- **Problem to work on**:
Restate all the data word for word and omit the pictures.

- **Supplied information**:
──────────────────────────────

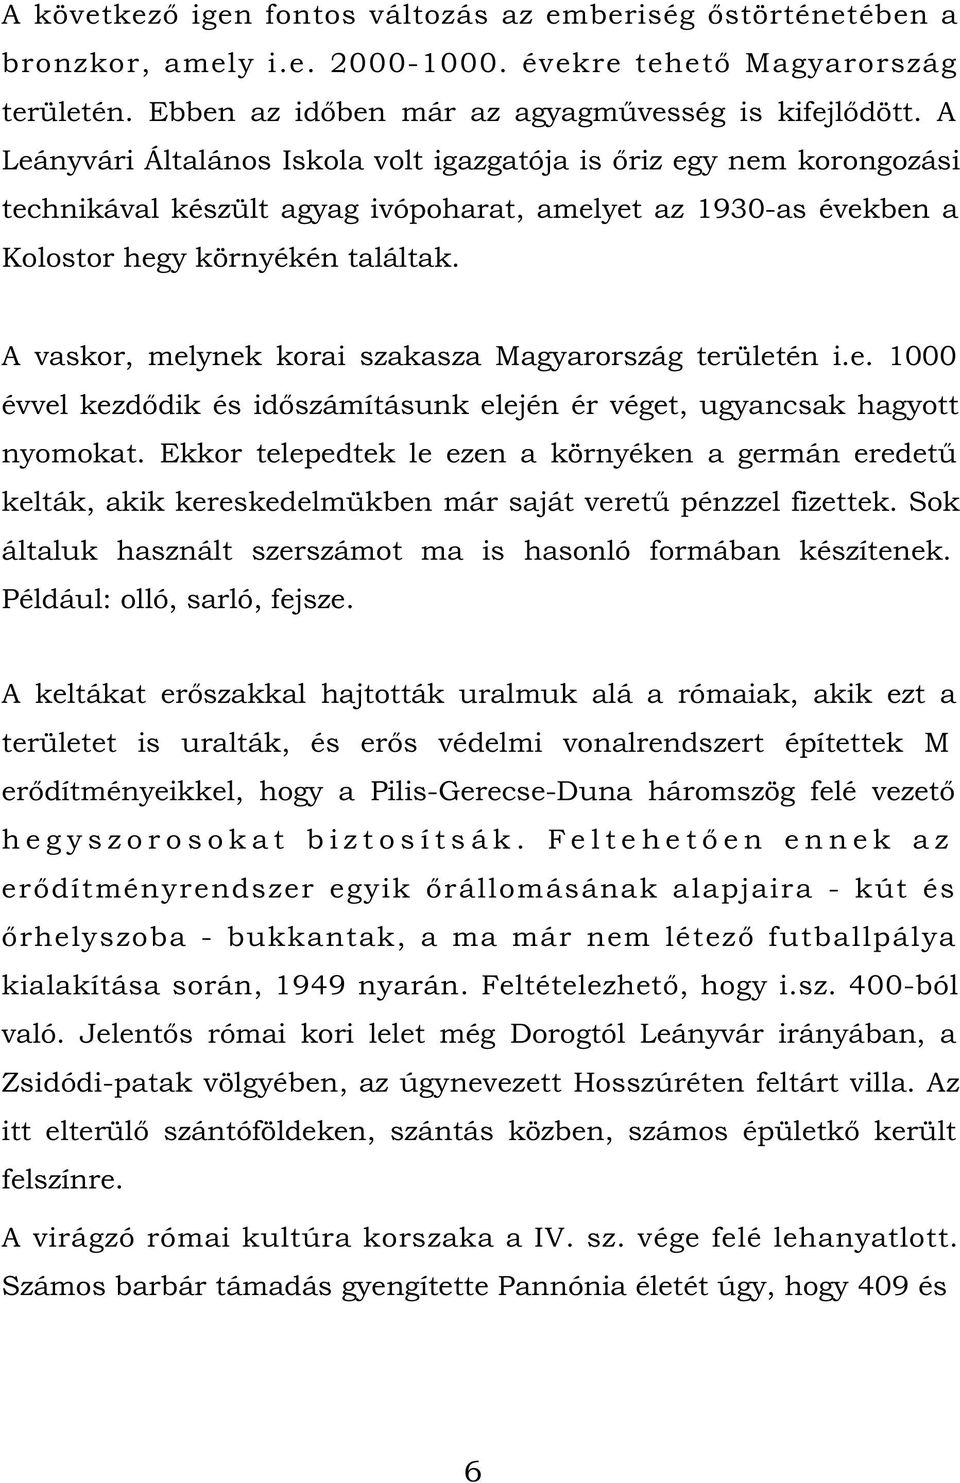 A vaskor, melynek korai szakasza Magyarország területén i.e. 1000 évvel kezdődik és időszámításunk elején ér véget, ugyancsak hagyott nyomokat.
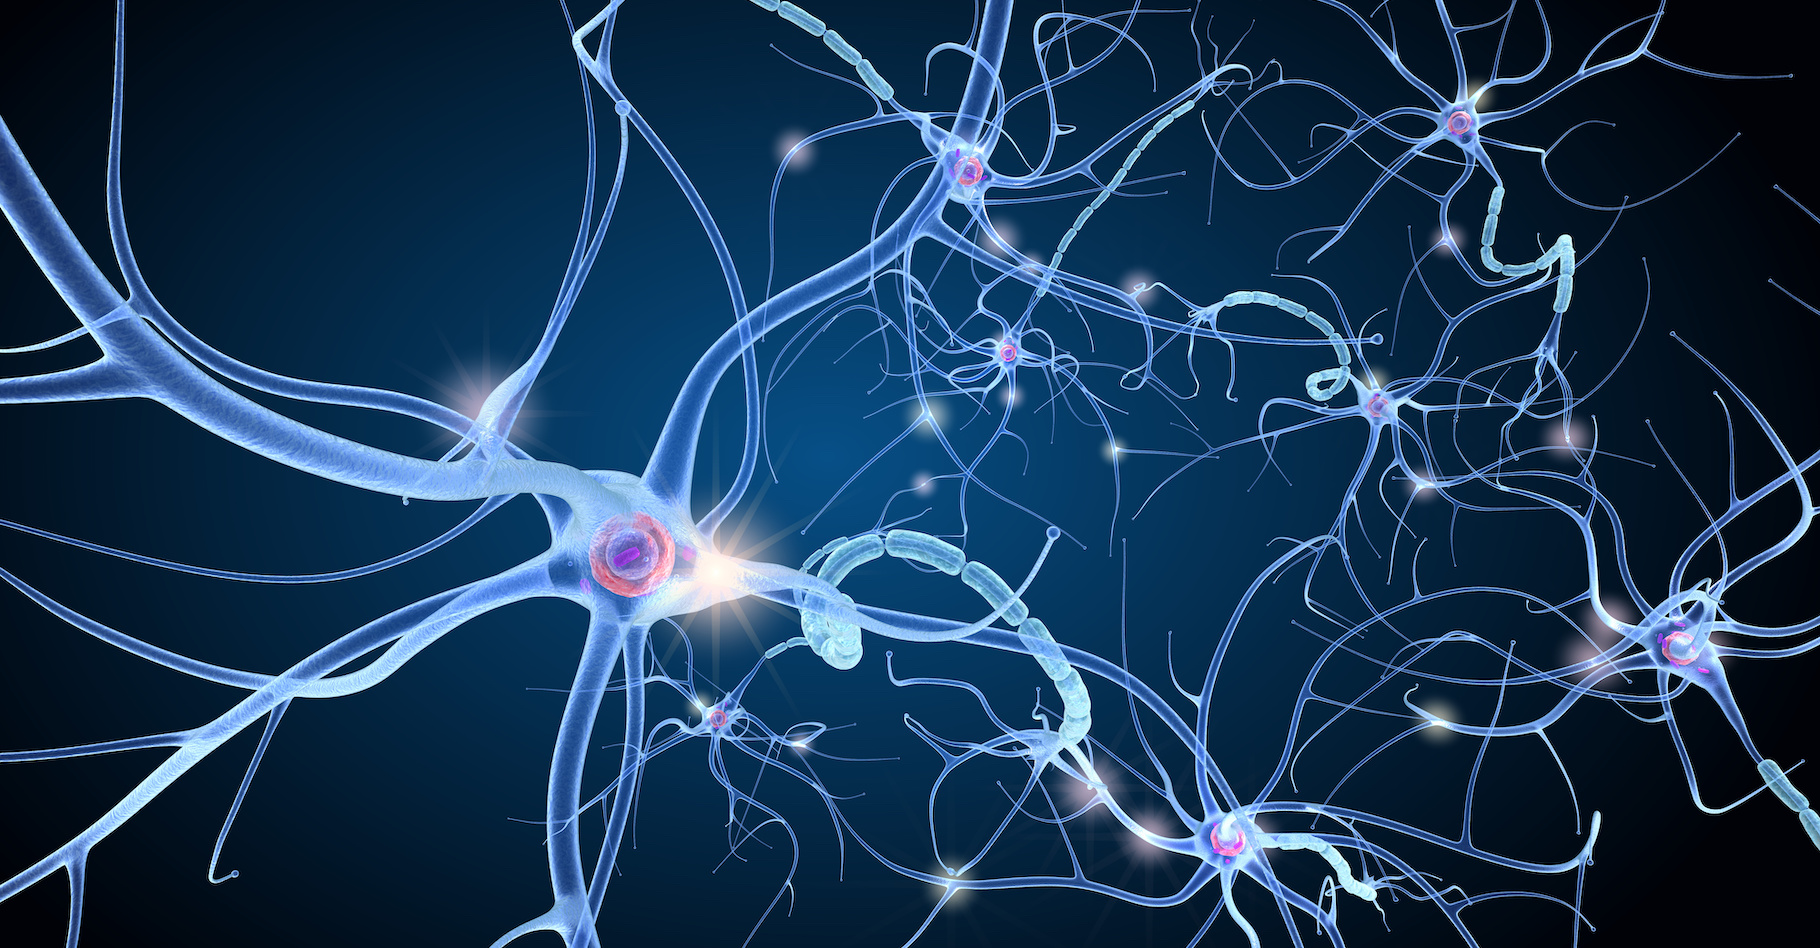 Les neurones sont autant de relais des messages nerveux qui circulent dans notre cerveau. Grâce à des neurones artificiels, comme ceux proposés par les chercheurs de l’université de Bath (Royaume-Uni), de toutes nouvelles perspectives thérapeutiques pourraient être envisagées. © Alexandr Mitiuc, Adobe Stock
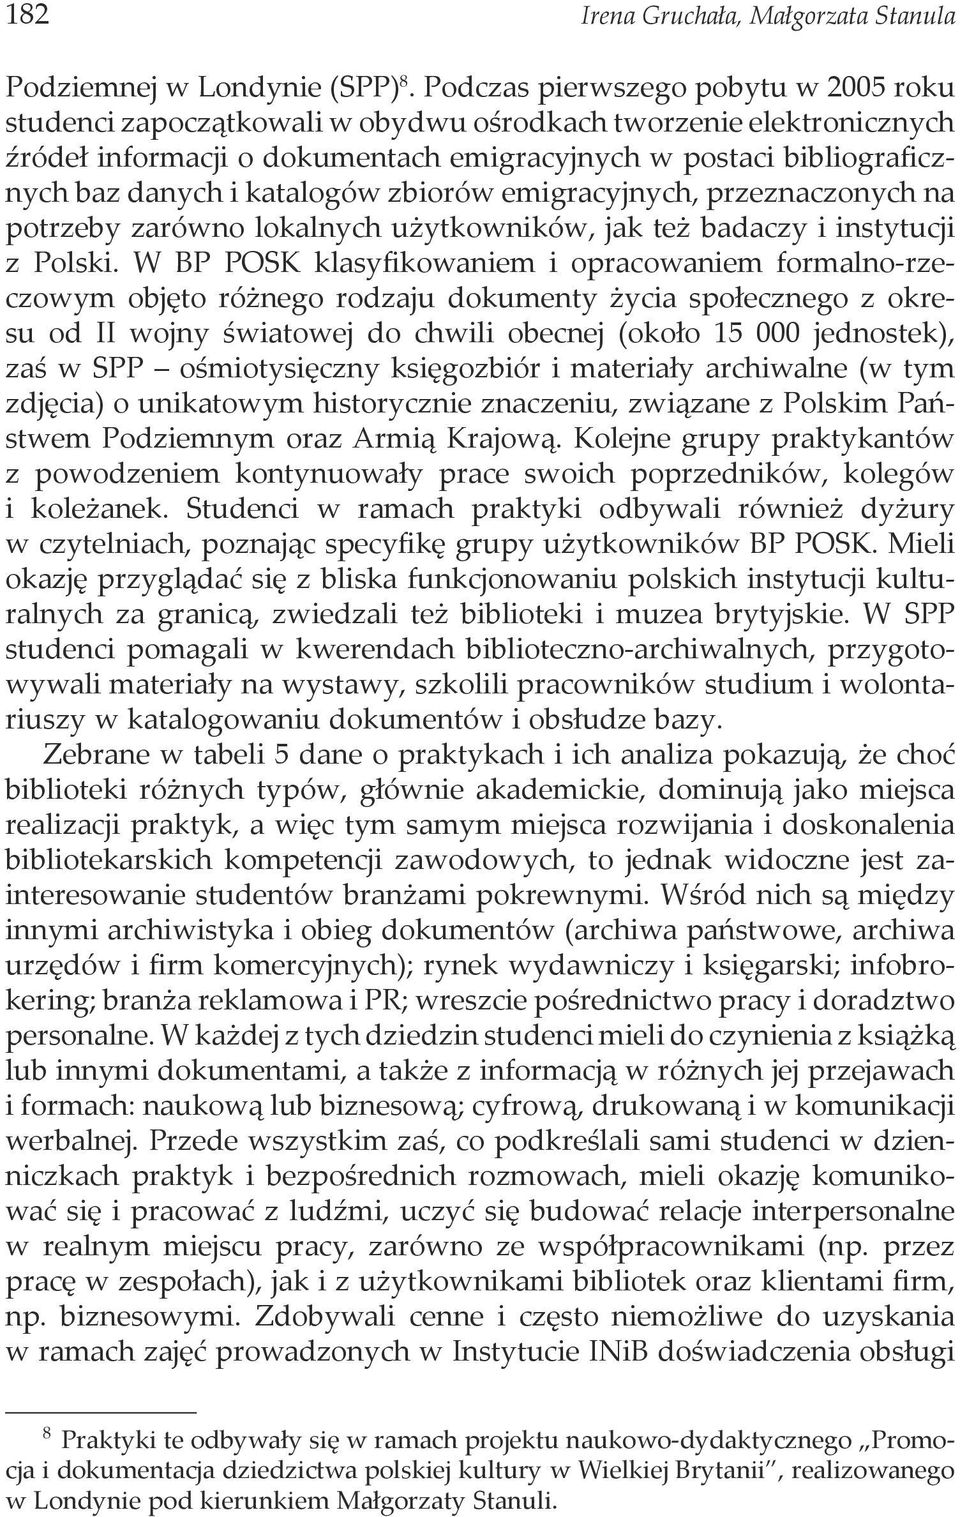 katalogów zbiorów emigracyjnych, przeznaczonych na potrzeby zarówno lokalnych użytkowników, jak też badaczy i instytucji z Polski.
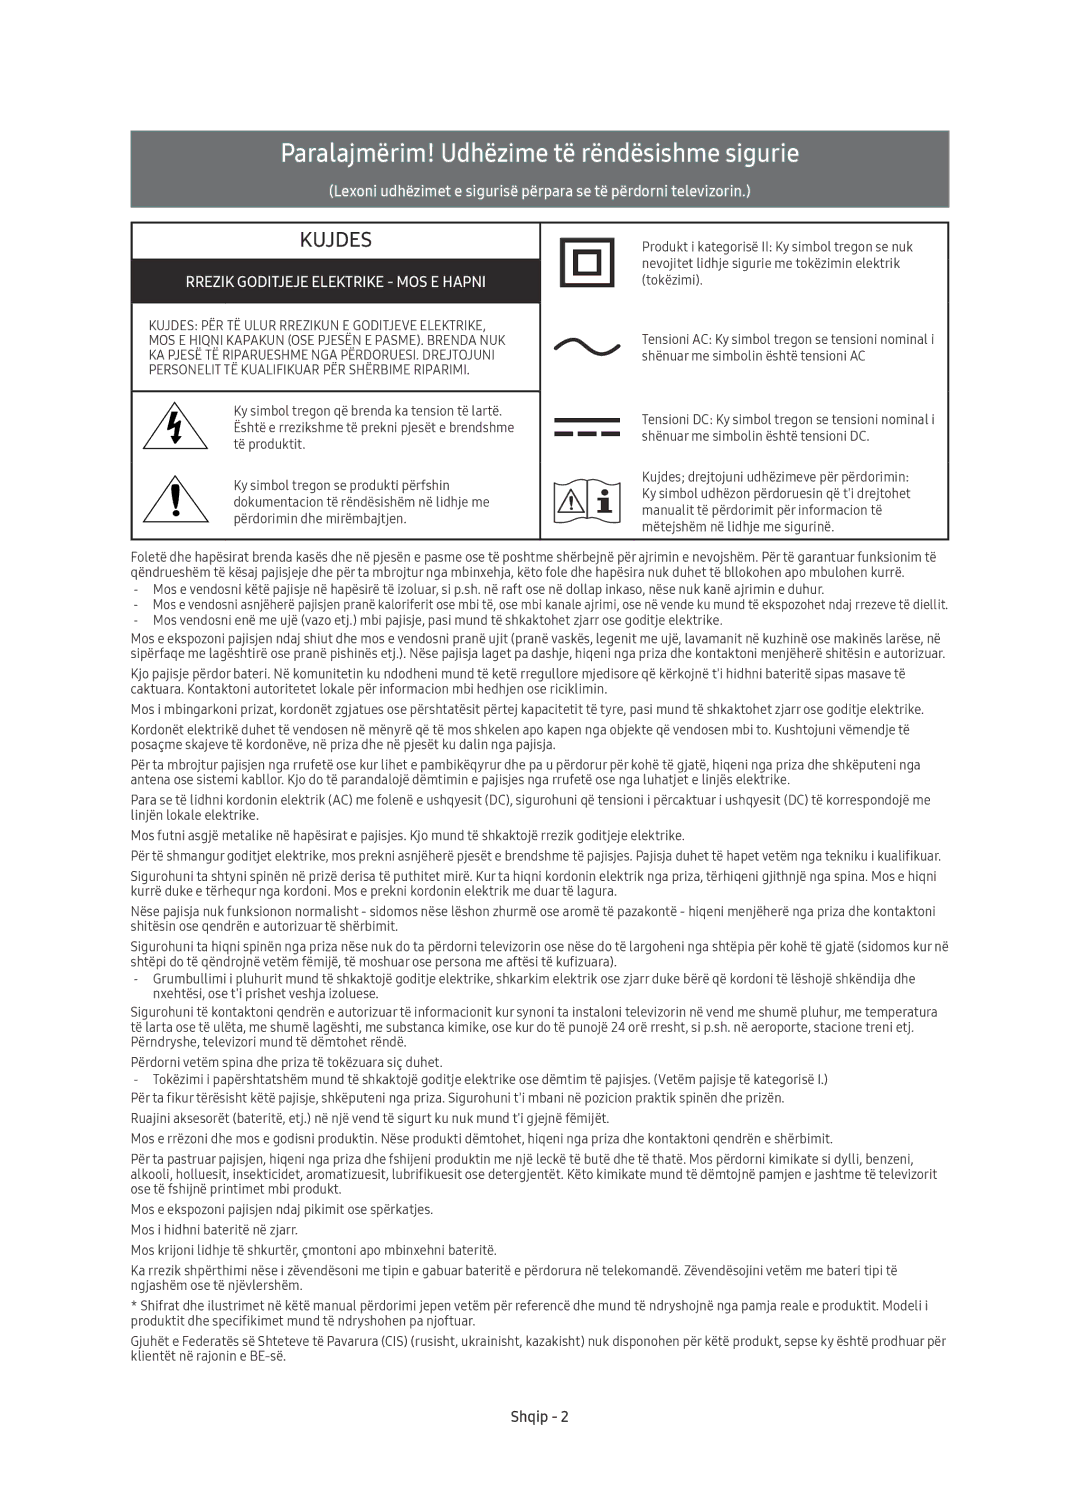 Samsung UE78KU6500SXXN manual Paralajmërim! Udhëzime të rëndësishme sigurie, Rrezik Goditjeje Elektrike MOS E Hapni, Shqip

──────────────────────────────

- **Answer to this task**:
 A vaskor, melynek korai szakasza Magyarország területén i.e. 1000 évvel kezdődik és időszámításunk elején ér véget, ugyancsak hagyott nyomokat.
 Les neurones sont autant de relais des messages nerveux qui circulent dans notre cerveau. Grâce à des neurones artificiels, comme ceux proposés par les chercheurs de l’université de Bath (Royaume-Uni), de toutes nouvelles perspectives thérapeutiques pourraient être envisagées. © Alexandr Mitiuc, Adobe Stock
 katalogów zbiorów emigracyjnych, przeznaczonych na potrzeby zarówno lokalnych użytkowników, jak też badaczy i instytucji z Polski.
 Samsung UE78KU6500SXXN manual Paralajmërim! Udhëzime të rëndësishme sigurie, Rrezik Goditjeje Elektrike MOS E Hapni, Shqip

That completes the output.